Performance Comparison: AI Model Versus Human Ophthalmologists

In the human-machine best-ranked comparison, EyeGPT showed competitive capabilities, particularly in understandability and empathy. With the assistance of EyeGPT, human ophthalmologists’ performance was notably improved. Figure 4 summarizes the frequencies of answers generated by EyeGPT, unassisted ophthalmologists, or EyeGPT-assisted ophthalmologists, ranked as the best among the 3 candidate answers across 4 dimensions. Regarding understandability and empathy, the EyeGPT answers ranked best for 23 (19.2%) and 41 (34.2%) of the 120 questions, respectively, which were higher than those of ophthalmologists, which ranked best for 12 (10%) and 8 (6.7%) of the 120 questions. The answers provided by EyeGPT-assisted ophthalmologists were most frequently ranked as the best, at 85 (85/120, 70.8%) and 71 (71/120, 59.2%) for understandability and empathy, respectively; however, the accuracy and trustworthiness of EyeGPT answers were slightly lower than those by the ophthalmologists (accuracy: 12/120, 10% vs 14/120, 11.7%; trustworthiness: 12/120, 10% vs 15/120, 12.5%), highlighting areas for improvement. With the assistance of EyeGPT, the answers provided by the ophthalmologists excelled, ranking highest in accuracy and trustworthiness in 94 (78.3%) and 93 (77.5%) of the 120 questions, respectively. For illustrative examples of the best-ranked comparison, see Multimedia Appendix 11.

Figure 4

Percentage of answers ranked best by EyeGPT answers and ophthalmologists’ answers. EyeGPT(best): best fine-tune+book model.

Error Analysis: Areas for Improvement

The results of the error analysis are shown in Multimedia Appendix 12. Rater 1 identified 5 (5/120, 4.2%) QA pairs as containing unrelated information, 35 (35/120, 29.2%) as containing apparent factual errors, 23 (23/120, 19.2%) as having incomplete information, and 6 (6/120, 5%) exhibiting faulty logic. Rater 2 found 6 (6/120, 5%) QA pairs with unrelated information, 30 (30/120, 25%) with factual errors, 22 (22/120, 18.3%) with incomplete information, and 4 (4/120, 3.3%) demonstrating faulty logic. The inter-rater reliability, assessed using kappa values, was 0.905, 0.895, 0.699, and 0.792, respectively.

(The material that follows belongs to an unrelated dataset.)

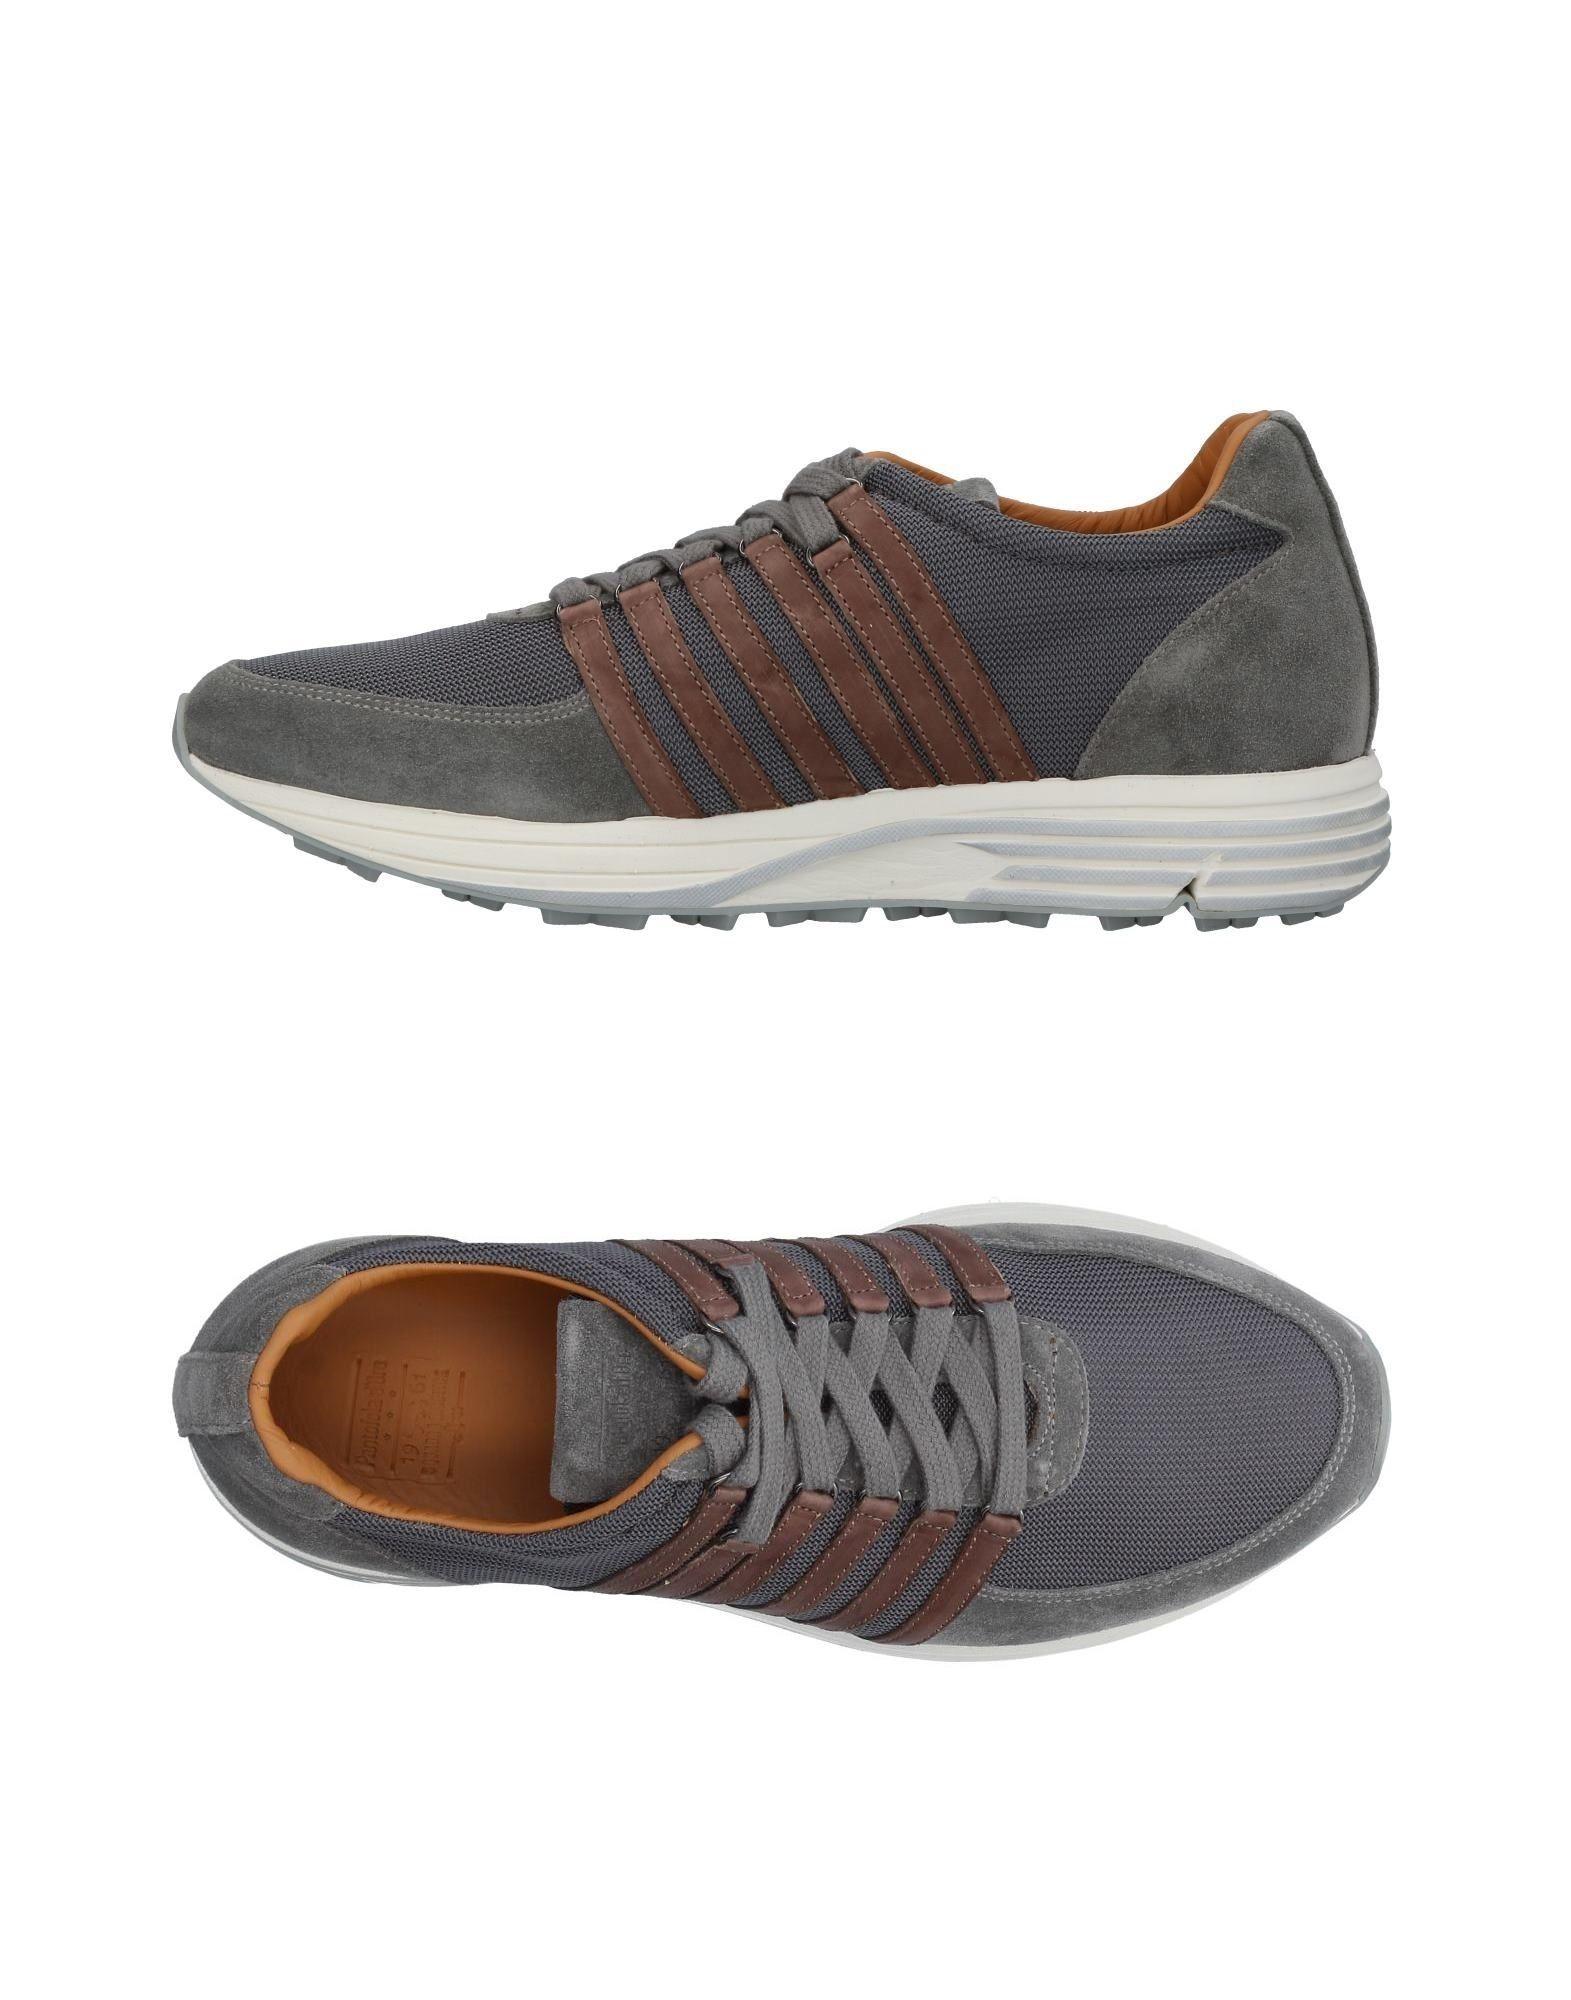 Pantofola D'oro Sneakers Herren   Herren 11366252PC 105155
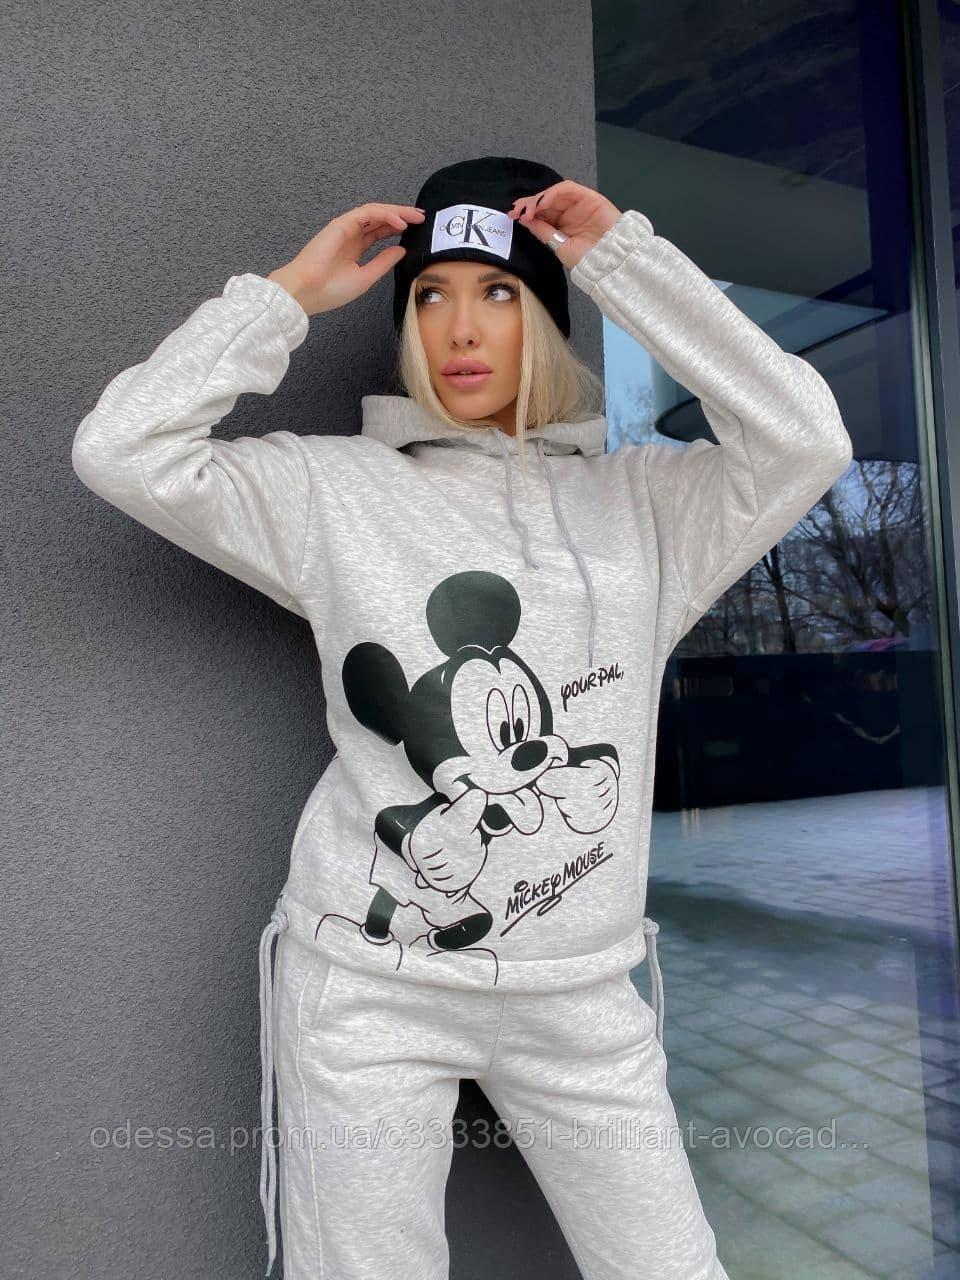 Женский тёплый спортивный костюм с принтом Микки Маус в большом размере 48 50 52

Discussion Principal Findings

In this study, we integrated specialized ophthalmic knowledge into a general LLM using role-play, fine-tuning, and RAG methods, resulting in the development of EyeGPT for ophthalmology. In terms of accuracy, understandability, trustworthiness, and empathy, all fine-tuned models showcased remarkable improvements compared with the original model. Among them, the best fine-tune model exhibited the highest efficacy. Among the RAG strategies, the best fine-tune+book model emerged as the most capable. Subgroup analysis revealed that EyeGPT performed well in the category of common diseases and showed consistent performance across different users and domains. EyeGPT demonstrated competitive capabilities in understandability and empathy when compared with a human ophthalmologist. With the assistance of EyeGPT, the performance of the ophthalmologists was notably enhanced.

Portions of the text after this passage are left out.